The number of German cases in which a proportionality-based defense to injunctive relief was raised must have been far higher. It actually became pretty commonplace for defendants to German patent infringement actions to make that argument. But many cases are settled prior to a ruling, and if a patentee doesn’t prevail on the technical merits, the proportionality defense is not reached. Therefore, Darts-ip’s numbers are not too meaningful, other than indeed showing that hardly anyone even tried to raise a proportionality defense before the 2021 reform.
The bigger problem for those advocating proportionality in this context is how the courts have adjudicated those proportionality defenses. In SEP cases it consistently came down to “focus on FRAND, please.” In non-SEP cases the message from the courts has been more like “go apply for a conventional compulsory license.”

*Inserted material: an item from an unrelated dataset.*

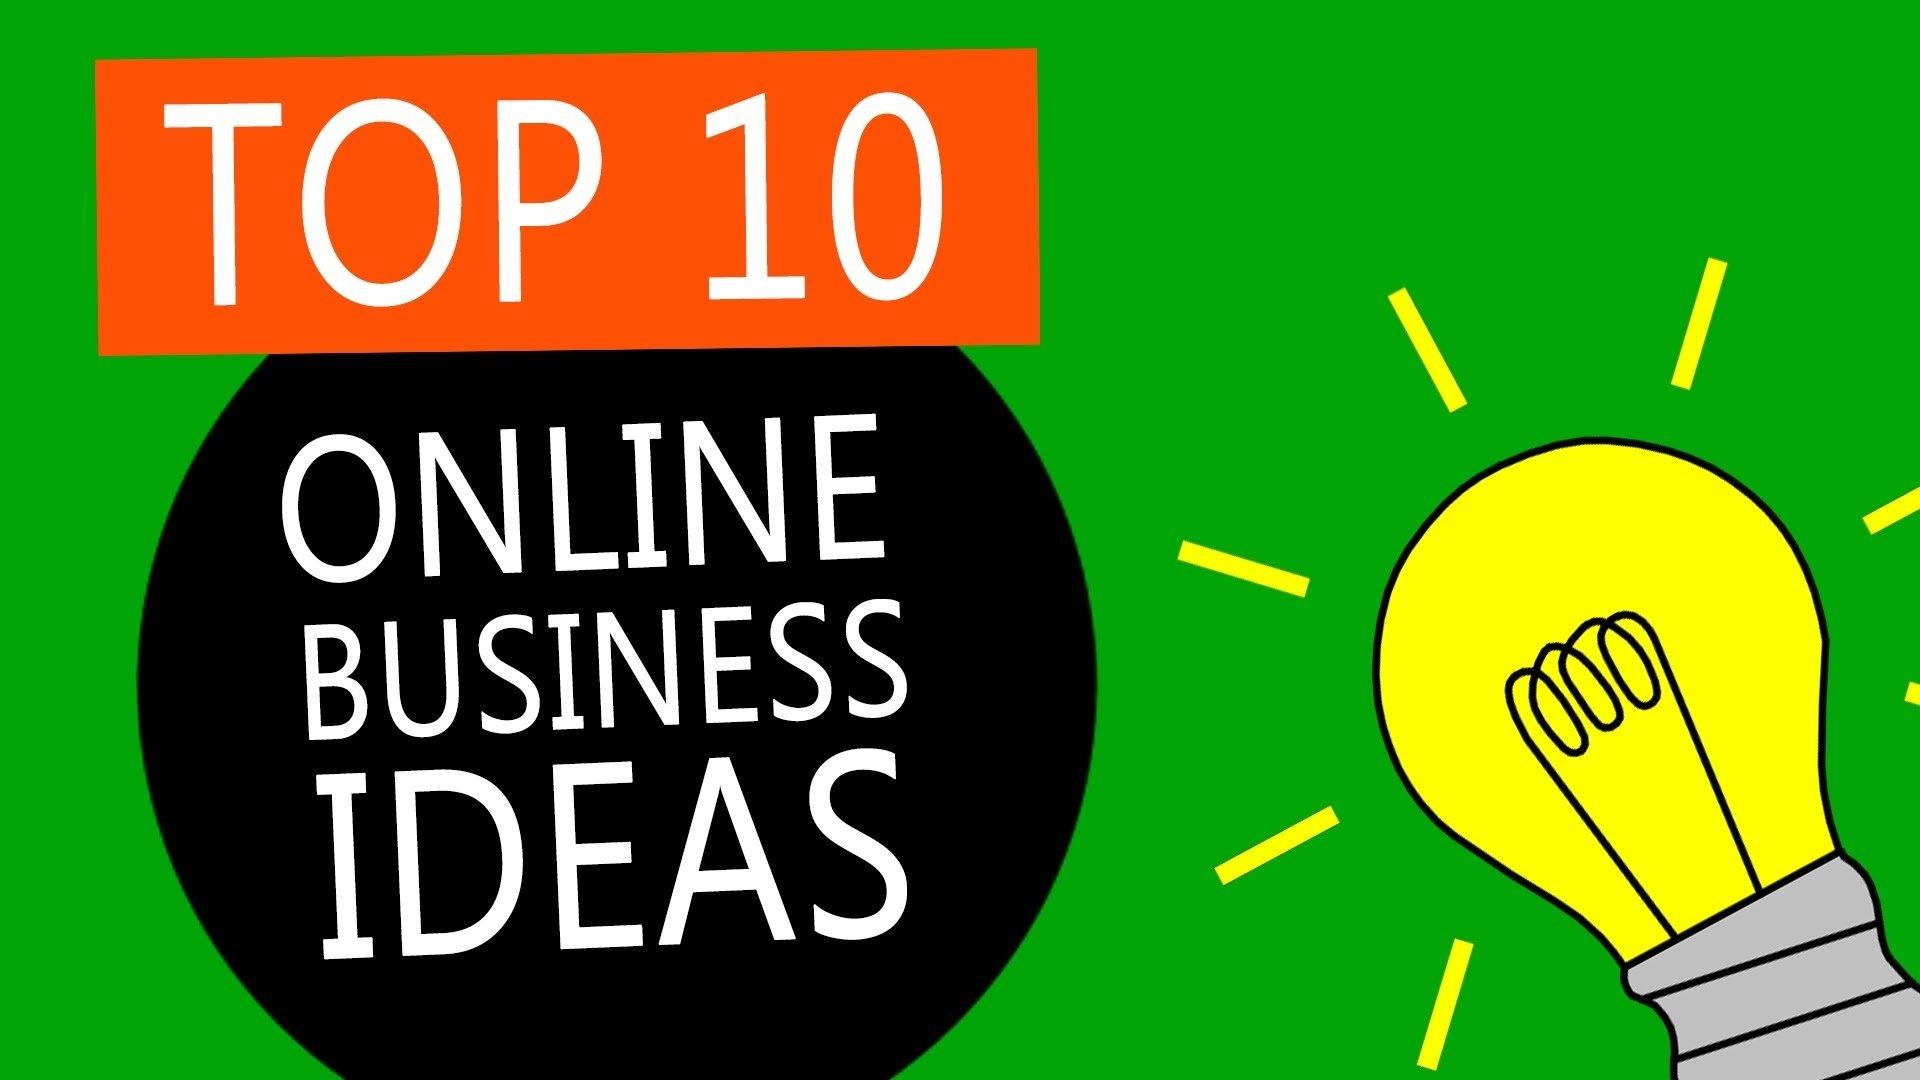 10 Best Good Ideas To Start A Business top 10 best online business ideas to start a small business youtube 10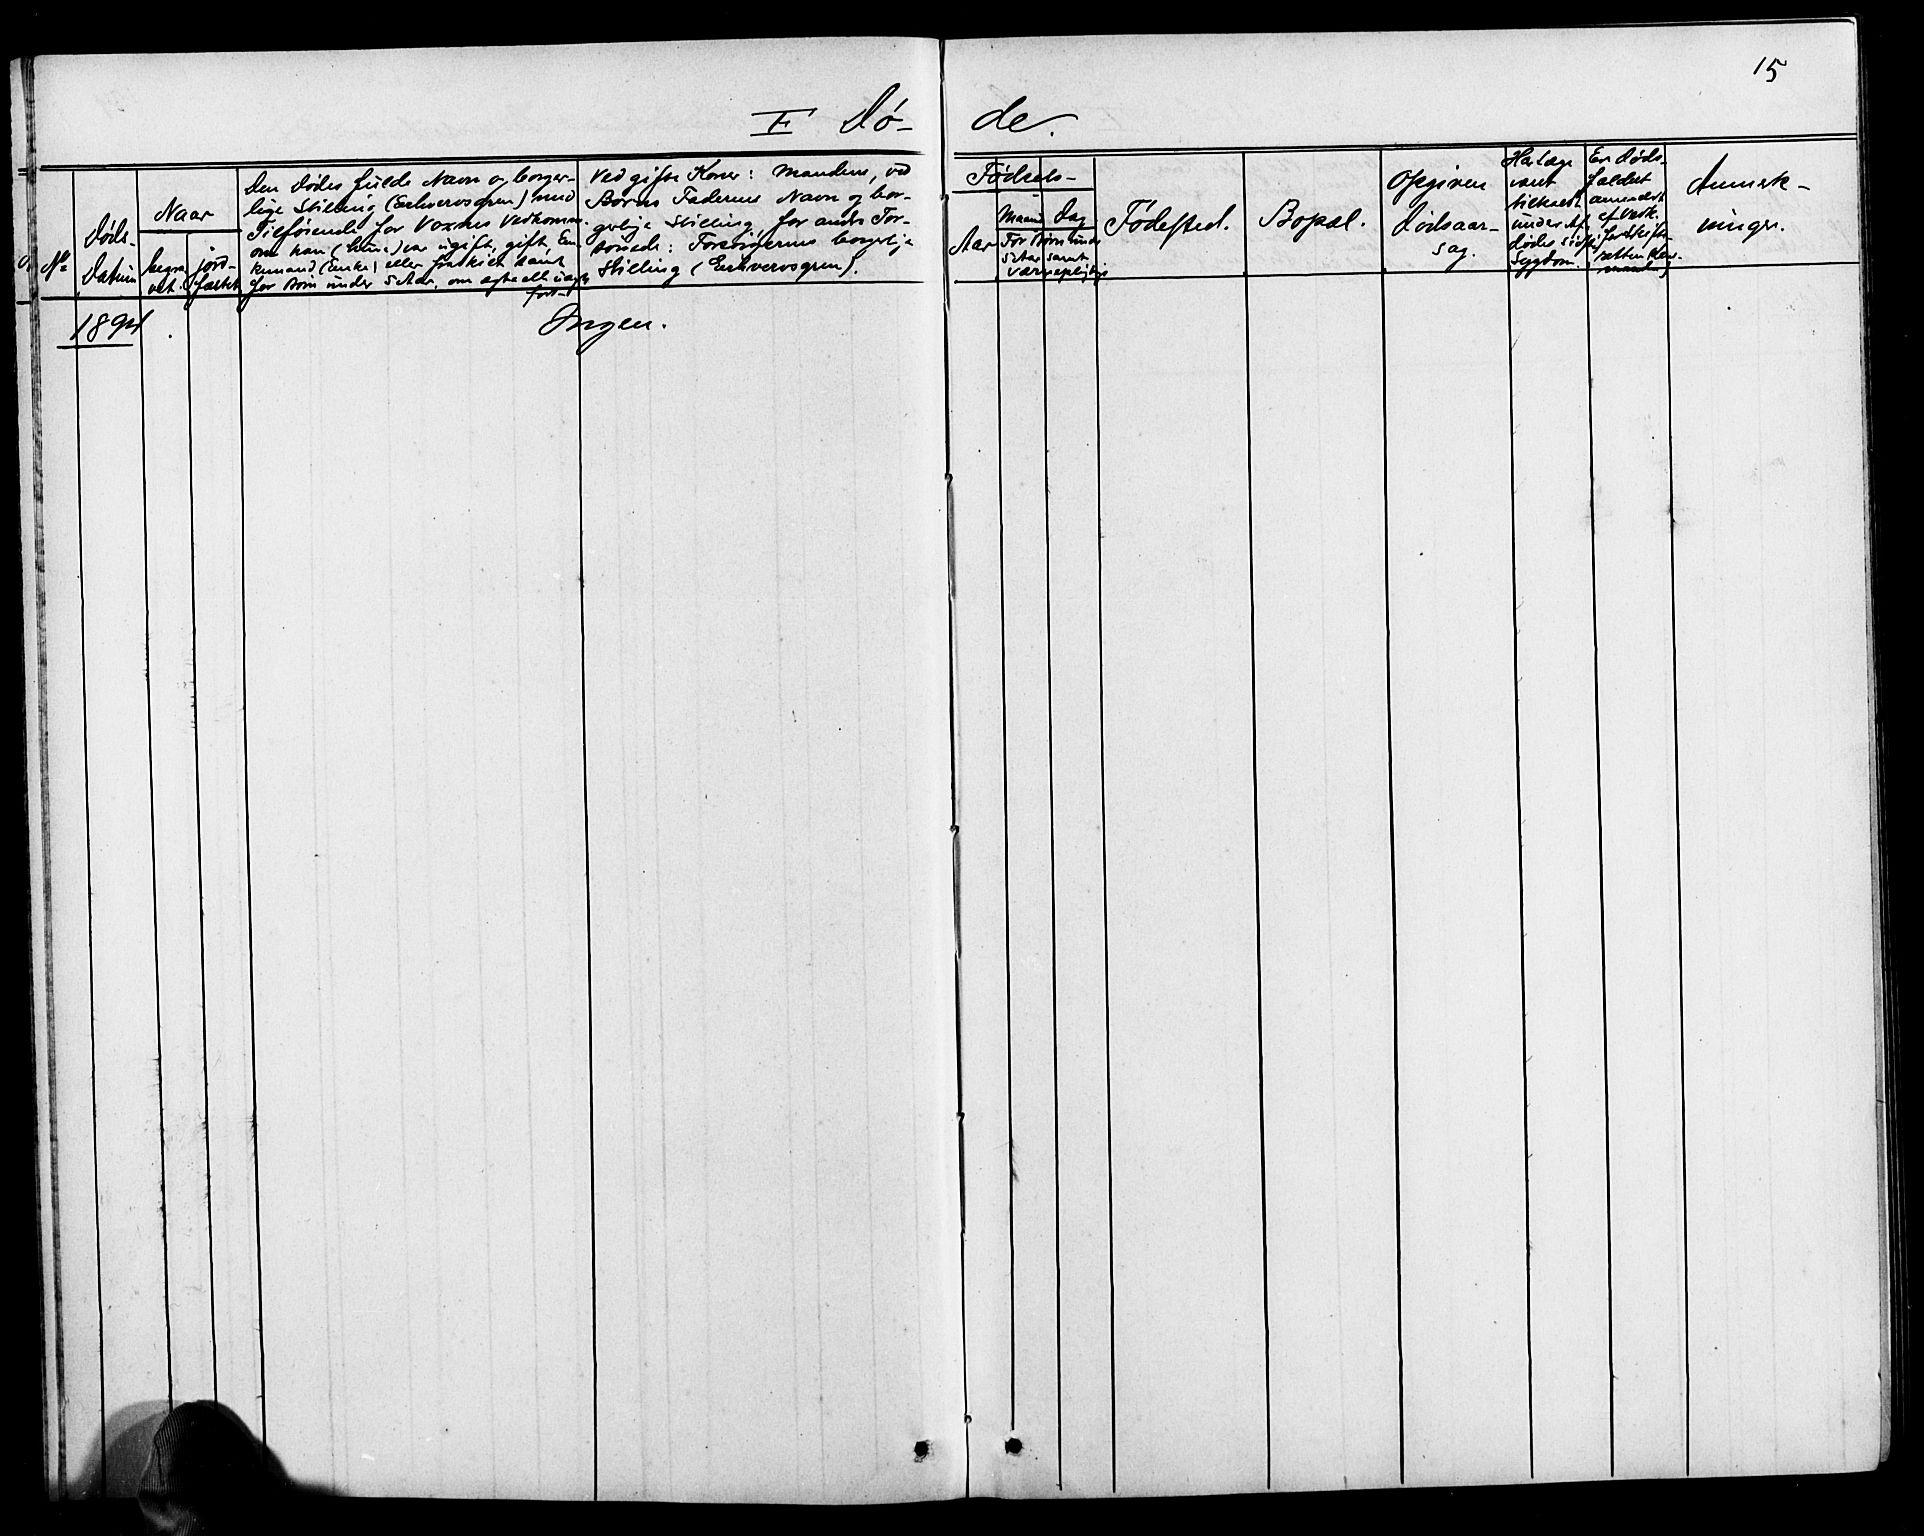 SAK, Baptistmenigheten i Tvedestrand, F/Fa/L0002: Dissenterprotokoll nr. F 1, 1892-1895, s. 15

It remains to be seen how much evidence the EC is going to require this time around. The Darts-ip figures are of no evidentiary value with respect to the alleged harm. During the German patent reform debate in 2019-2021, there was only one case (albeit a major one) that proponents of a stronger proportionality test pointed to: Broadcom sued Volkswagen and/or its Audi subsidiary over a non-SEP (which came under invalidation pressure quite a while after the €500 million VW-Broadcom settlement).
It is unsurprising that IP2I looks at two EU institutions’ (EC and EP) willingness to soften SEP enforcement (though the EU Council is the most powerful one and has not yet adopted a common position) and feel they might now get from the EU what they didn’t really (just symbolically, but without any practical effect in a single case) get from the German legislature. It’s clear now that there will be some lobbying activity concerning proportionality, also in the EU Parliament, but probably not much before the late summer (when it goes back to work after the elections).
While SEP net licensees far outnumber SEP net licensors, an attack on the patent system at large faces more resistance. It involves more companies, also many small and medium-sized ones that rely on patent protection, and additional segments of the economy, such as the chemical and pharmaceutical industries.